• Work task: Would you copy exactly the lines in the data below from the one that has "أن تهجر امرأة" through the one that has "John6970 from Milton Keynes,United Kingdom", dropping any pictures?

• Data to use:
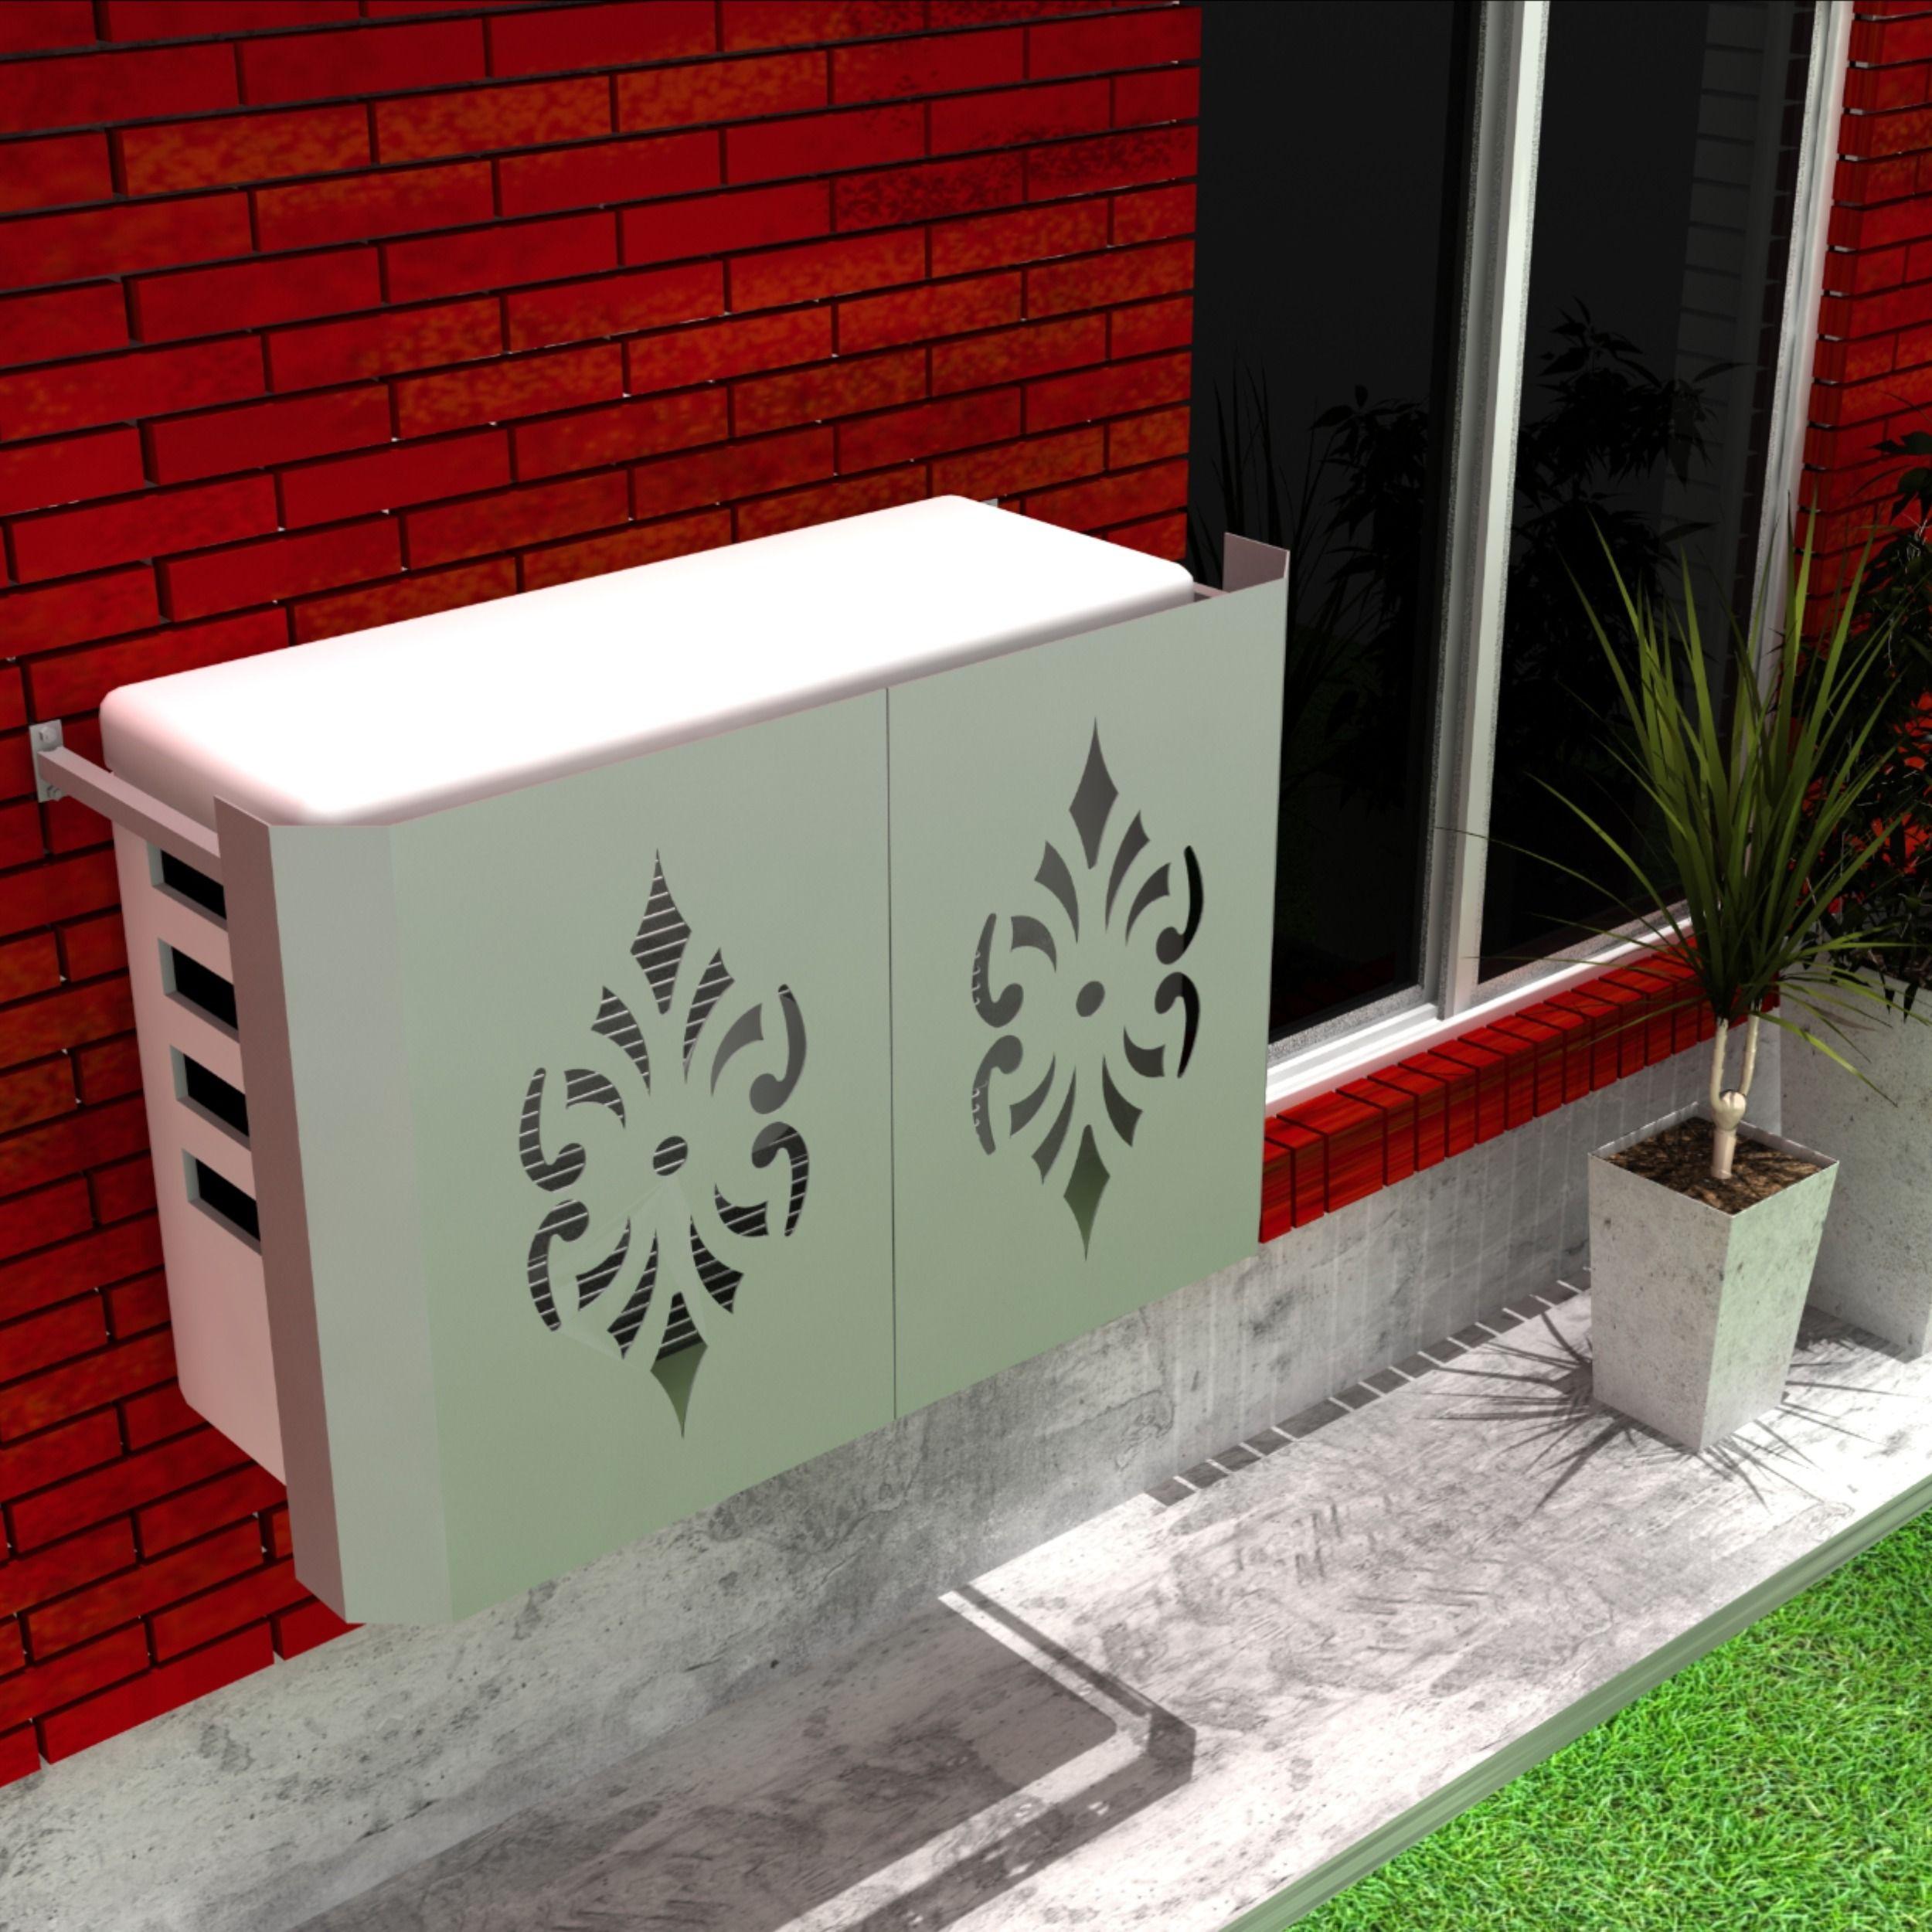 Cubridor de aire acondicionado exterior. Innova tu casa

* * *

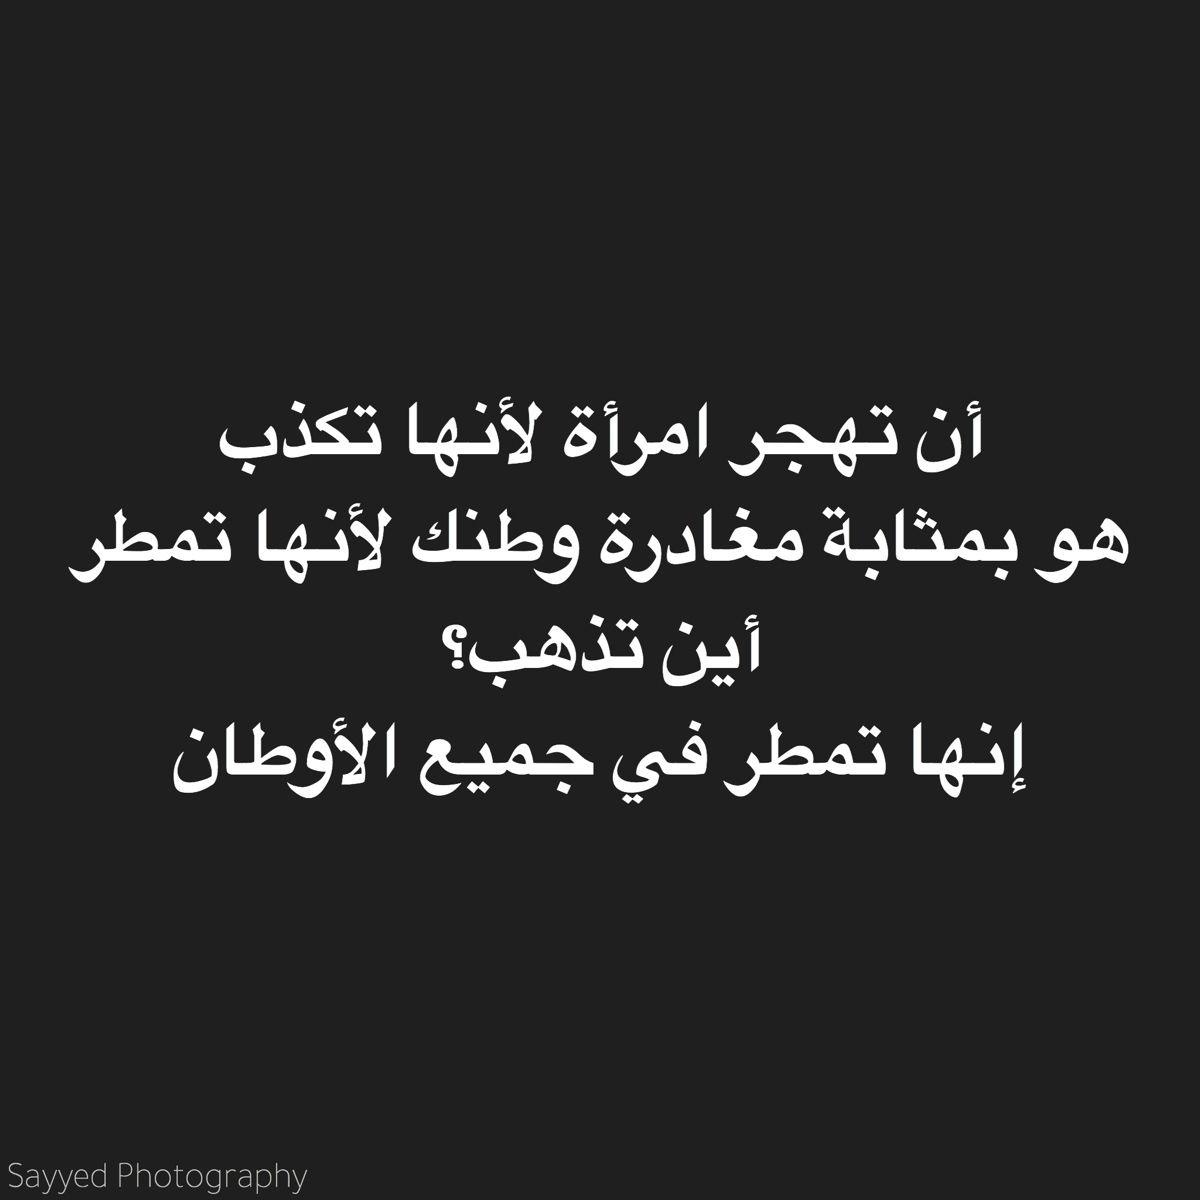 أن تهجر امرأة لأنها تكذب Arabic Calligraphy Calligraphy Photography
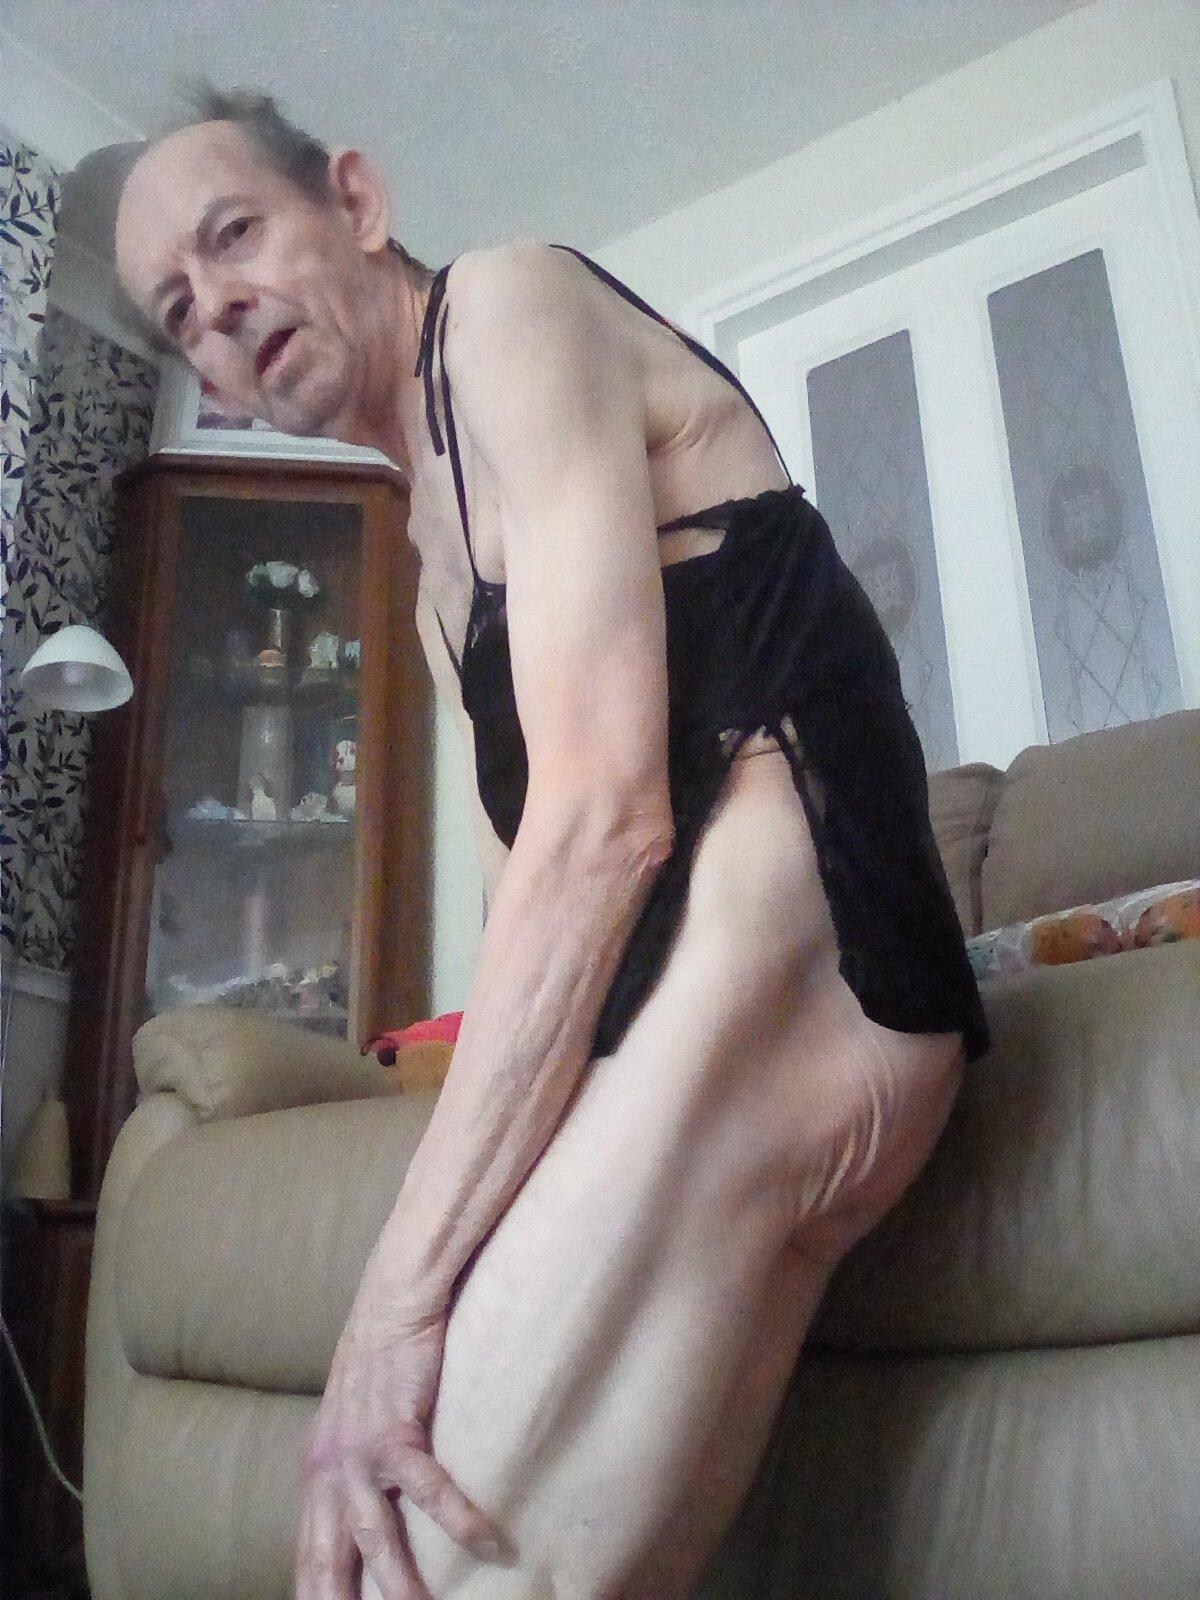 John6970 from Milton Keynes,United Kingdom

• Solution:
 أن تهجر امرأة لأنها تكذب Arabic Calligraphy Calligraphy Photography
 John6970 from Milton Keynes,United Kingdom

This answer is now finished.